On a related matter, the increasing use of new therapies is transforming the landscape of clinical oncology practice due to the emergence of novel toxicity profiles that differ from those of classic cancer treatment. Most adverse effects related to treatment modalities such as immunotherapy or targeted therapy are mild and reversible if addressed promptly12,13. However, certain toxicities, including adrenal insufficiency, hepatitis, myocarditis, encephalitis, pneumonitis, Stevens-Johnson syndrome/toxic epidermal necrolysis, and drug reaction with eosinophilia and systemic symptoms (DRESS), could be life threatening and highlight the importance of observant clinical suspicion12,13. Moreover, others such as endocrinopathies and rheumatologic adverse effects might cause permanent organ dysfunction and require chronic or lifelong treatment12,13. Besides, since these agents can be prescribed as combination therapy in certain cases, proficiency on their possible toxicities is paramount to recognize properly the effects that need focused management and should not be ascribed to other treatments such as chemotherapy12. In addition, while modern immunotherapy and targeted therapies are currently used mostly in advanced settings, they are progressively becoming approved options for earlier cancer stages12,13. Thus, oncologists are increasingly facing toxicities that were previously rarely observed in oncologic patients and that require timely identification and specific management13. Furthermore, with broader approval of these drugs for early malignancies, a greater volume of patients will be exposed to their possible adverse effects, resulting in a larger toxicity burden.

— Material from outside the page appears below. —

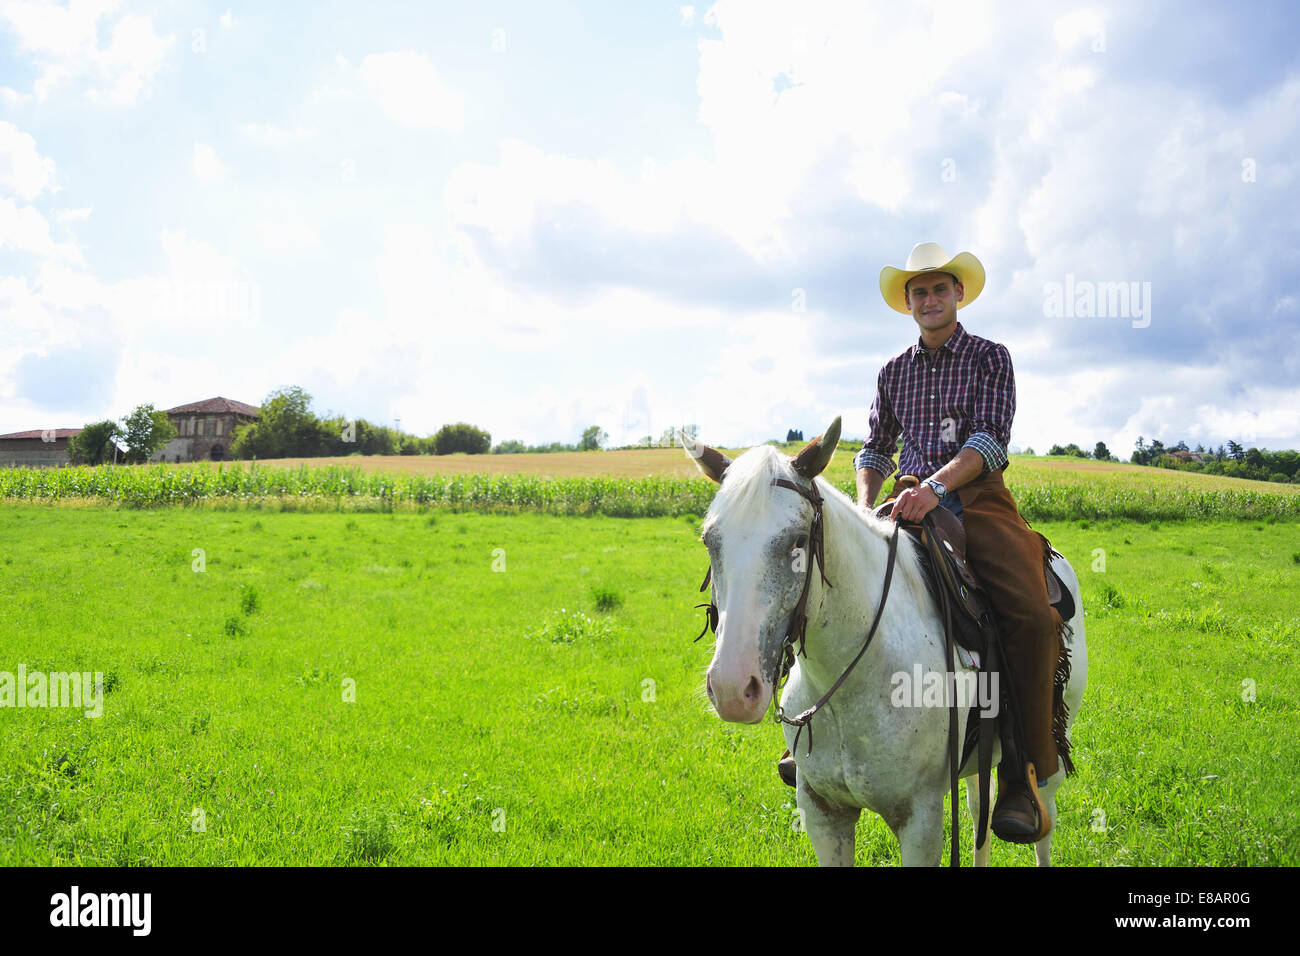 Portrait of young man in cowboy gear on horseback in field Stock Photo

In young patients, toxicities associated with new therapies might be especially challenging considering the rising prevalence of diverse types of cancer14. Particularly, serious and long-term adverse effects could have an important and prolonged negative impact on these patients’ overall health and quality of life due to their early age and continuously longer survival times12. Hence, it is imperative for oncologists to become familiar with these therapies’ unique toxicity profiles. Some of the most relevant oncology associations such as ASCO and NCCN have recommended updated oncologists’ knowledge and training, as well as vigilant monitoring and multidisciplinary toxicity team management for integral patient care whenever these therapies are used15,16. In addition, patient education about the serious adverse effects they might experience could facilitate toxicity identification and management15,16. These strategies might prove crucial to improve patient outcomes and well-being. Also related to oncologic treatment toxicities, the well-known risk of infertility remains one of the main challenges encountered when providing care for young women with cancer and is a special concern that oncologists should address. In contrast to past decades, oncofertility is now an established field of medicine and a health-care quality standard for young adults undergoing cancer therapy17. Several options are currently available for this age group, as fertility preservation strategies have evolved from surgical procedures aimed to diminish radiation gonadotoxicity, to oocyte/embryo cryopreservation, ovarian tissue freezing, temporary ovarian suppression with GnRH analogs during chemotherapy, and even uterine transplantation18,19. Furthermore, novel fertility-protective treatments which could be administered before or during gonadotoxic treatment are under development to prevent permanent damage to ovarian tissue18,20,21.

Nonetheless, fertility preservation strategies – except for uterine transplantation – depend on the availability of a functional female reproductive system. This is particularly relevant for many patients with gynecological cancers, in which standard-of-care hystero-oophorectomy leads to permanent fertility loss. To overcome this limitation, studies on biomaterials have been actively conducted18. Researchers have attempted to develop long-lasting transplantable reproductive tissues through the use of biomaterials arising from different cell sources (such as stem cells or endometrial cells) and paracrine factors18,20,22. Therefore, in coming years, updated knowledge and timely referral will be essential for oncologists to help young women with cancer navigate through the diverse fertility preservation options that are becoming available.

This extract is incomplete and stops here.